9. A method according to claim 8 wherein establishing the estimated probability distribution comprises:

setting the corresponding probability value to be greater than the proportion when the proportion is lower than a first threshold; and

setting the corresponding probability value to be less than the proportion when the proportion is greater than a second threshold.

10. A method according to claim 7 comprising:

identifying a non-converged set comprising those of the subdistributions for which none of the subset probability values is closer to 1 than a threshold; and,

constructing a solution vector representing the source data sequence and performing an exhaustive search to determine values for those of the components of the solution vector that correspond to the sub-distributions of the non-converged set that result in the solution vector having the best fitness.

11. A method according to claim 6 wherein establishing the estimated probability distribution comprises setting the probability values such that all of the probability values lie in a range between a lower value representing a non-zero probability and an upper value representing a probability of less than certainty.

12. A method according to claim 6 wherein creating the new current possible solution set comprises including in the new current possible solution set one or more of the possible data sequences of the fittest subset.

13. A method according to claim 6 wherein:

establishing the estimated probability distribution comprises setting each of the probability values based on a proportion of the corresponding elements in the possible data sequences of the fittest subset that have a corresponding value or set of values.

14. A method according to claim 13 comprising setting the corresponding probability value to be greater than the proportion when the proportion is lower than a first threshold; and setting the corresponding probability value to be less than the proportion when the proportion is greater than a second threshold.

15. A method according to claim 14 comprising, if the proportion is lower than the first threshold, setting the corresponding probability value to be equal to the first threshold.

16. A method according to claim 14 comprising, if the proportion is greater than the second threshold, setting the corresponding probability value to be equal to the second threshold.
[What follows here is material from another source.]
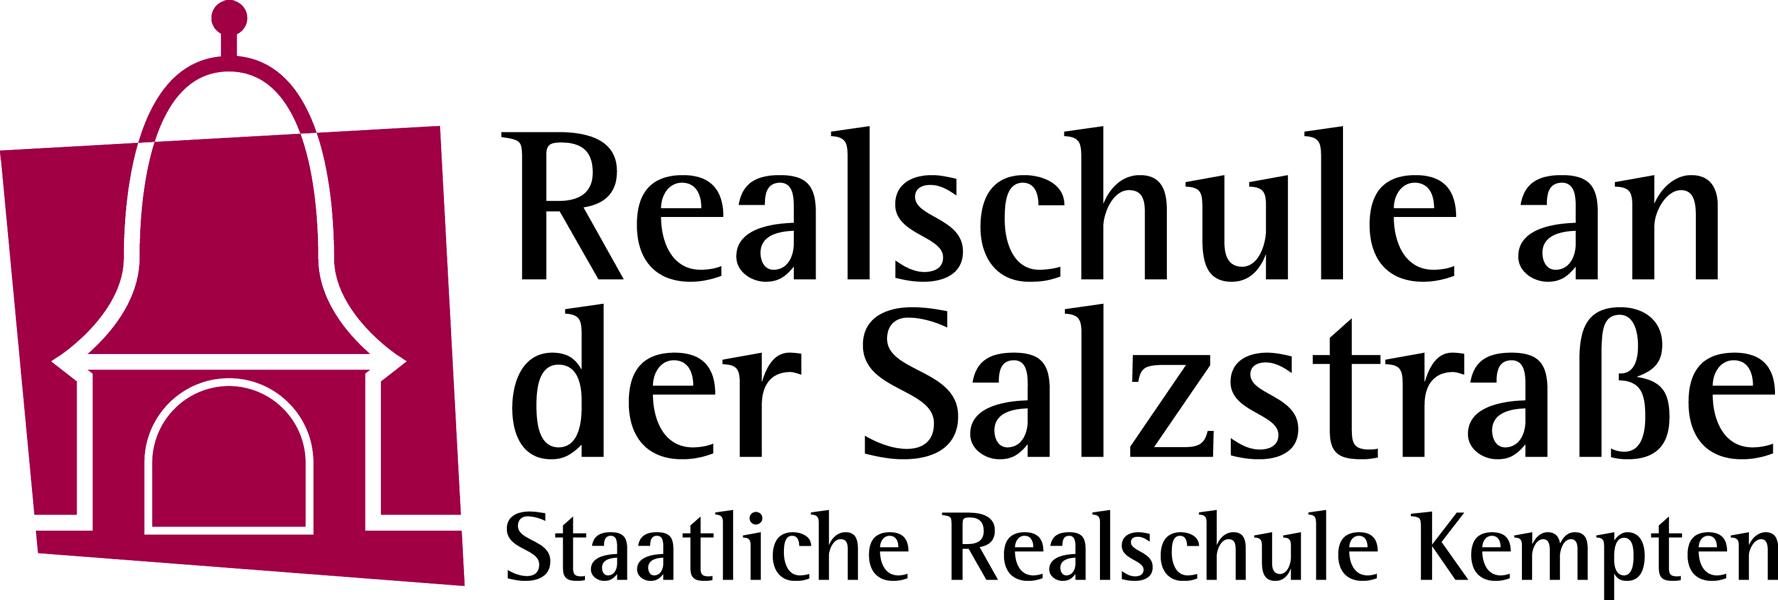 Realschule an der Salzstraße

17. A method according to claim 14 wherein separate first thresholds are provided for each of a plurality of the values.

18. A method according to claim 3 wherein obtaining said possible solution set comprises performing a sub-optimal search algorithm.

19. A method according to claim 3 wherein constructing the one or more additional possible data sequences comprises generating one or more possible solutions in accordance with a quantum-evolutionary algorithm

20. A method according to claim 3 wherein constructing the one or more additional possible data sequences comprises generating one or more possible solutions in accordance with a cross-entropy optimization algorithm.

21. A method according to claim 3 wherein constructing the one or more additional possible data sequences comprises generating one or more possible solutions in accordance with a biogeography-based optimization algorithm.

22. A method according to claim 3 wherein constructing the one or more additional possible data sequences comprises generating one or more possible solutions in accordance with an ant colony optimization algorithm.